• _The data_:
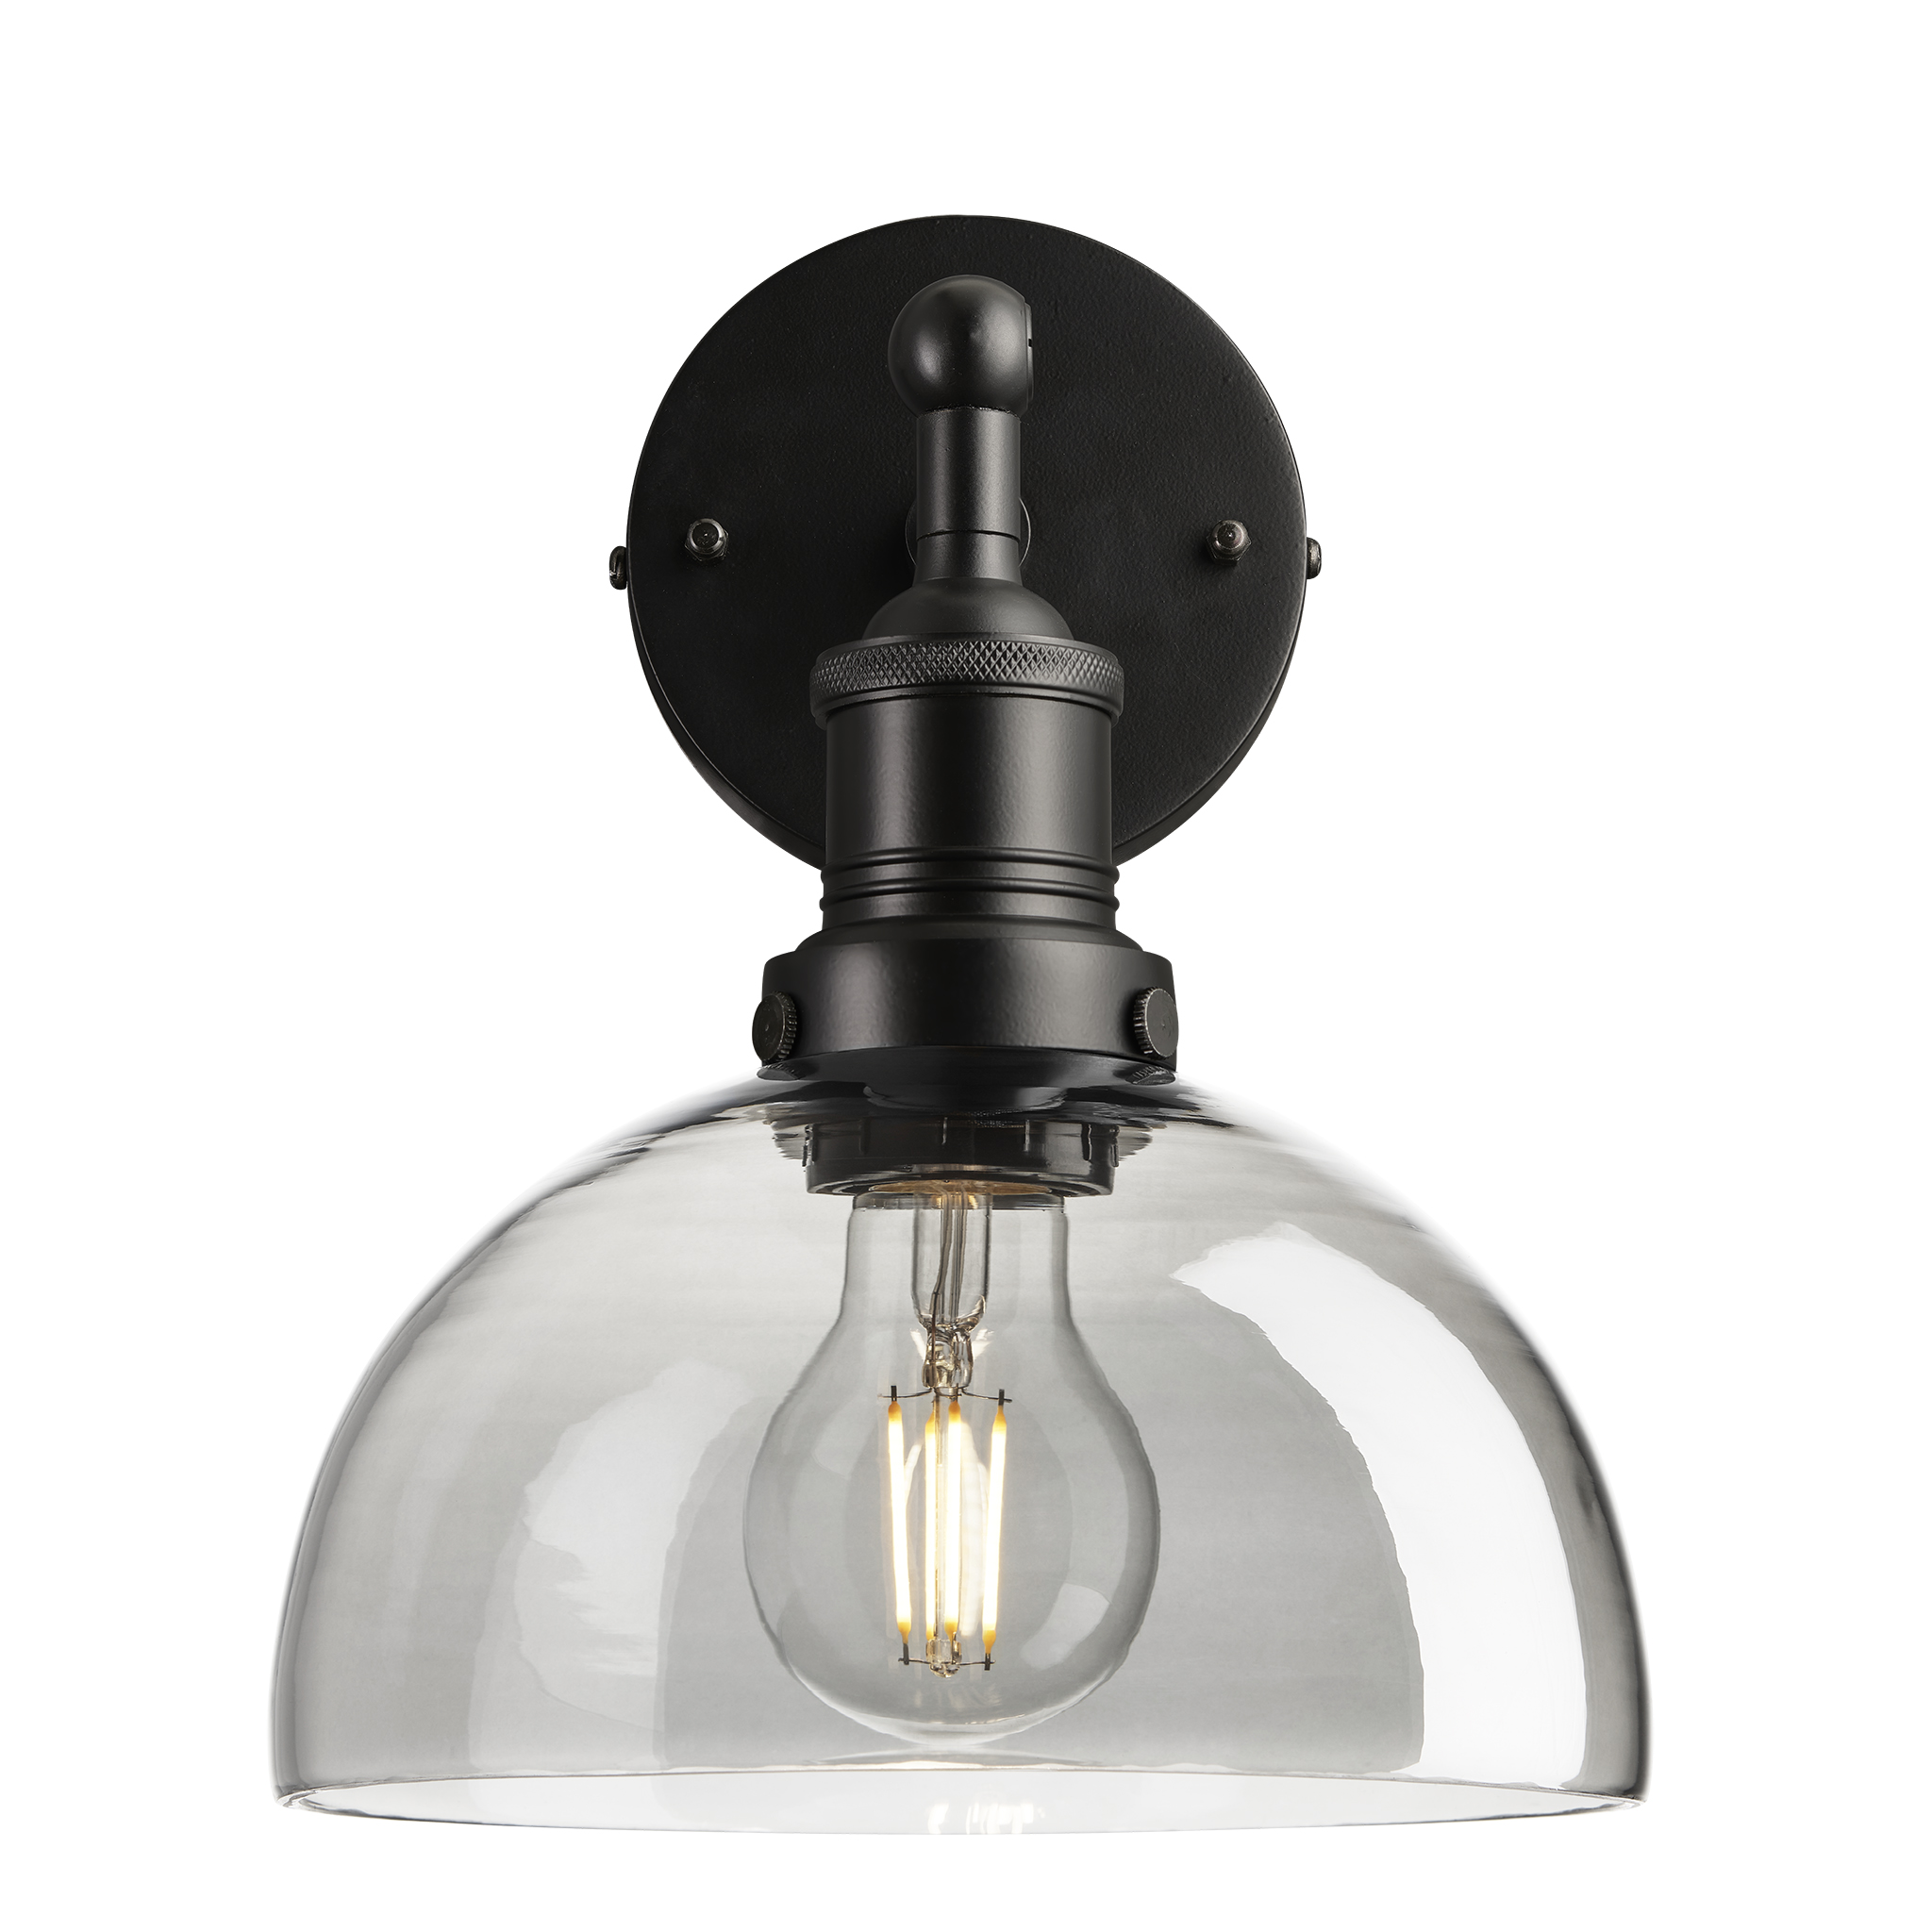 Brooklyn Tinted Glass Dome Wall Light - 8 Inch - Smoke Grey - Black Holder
...
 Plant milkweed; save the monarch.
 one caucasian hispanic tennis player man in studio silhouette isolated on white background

• _Exercise_: In the listing above, find the line holding "Plant milkweed; save the monarch." and the line holding "one caucasian hispanic", then output those two lines and every line between them exactly.

• _Answer to the exercise_:
 Plant milkweed; save the monarch.
 one caucasian hispanic tennis player man in studio silhouette isolated on white background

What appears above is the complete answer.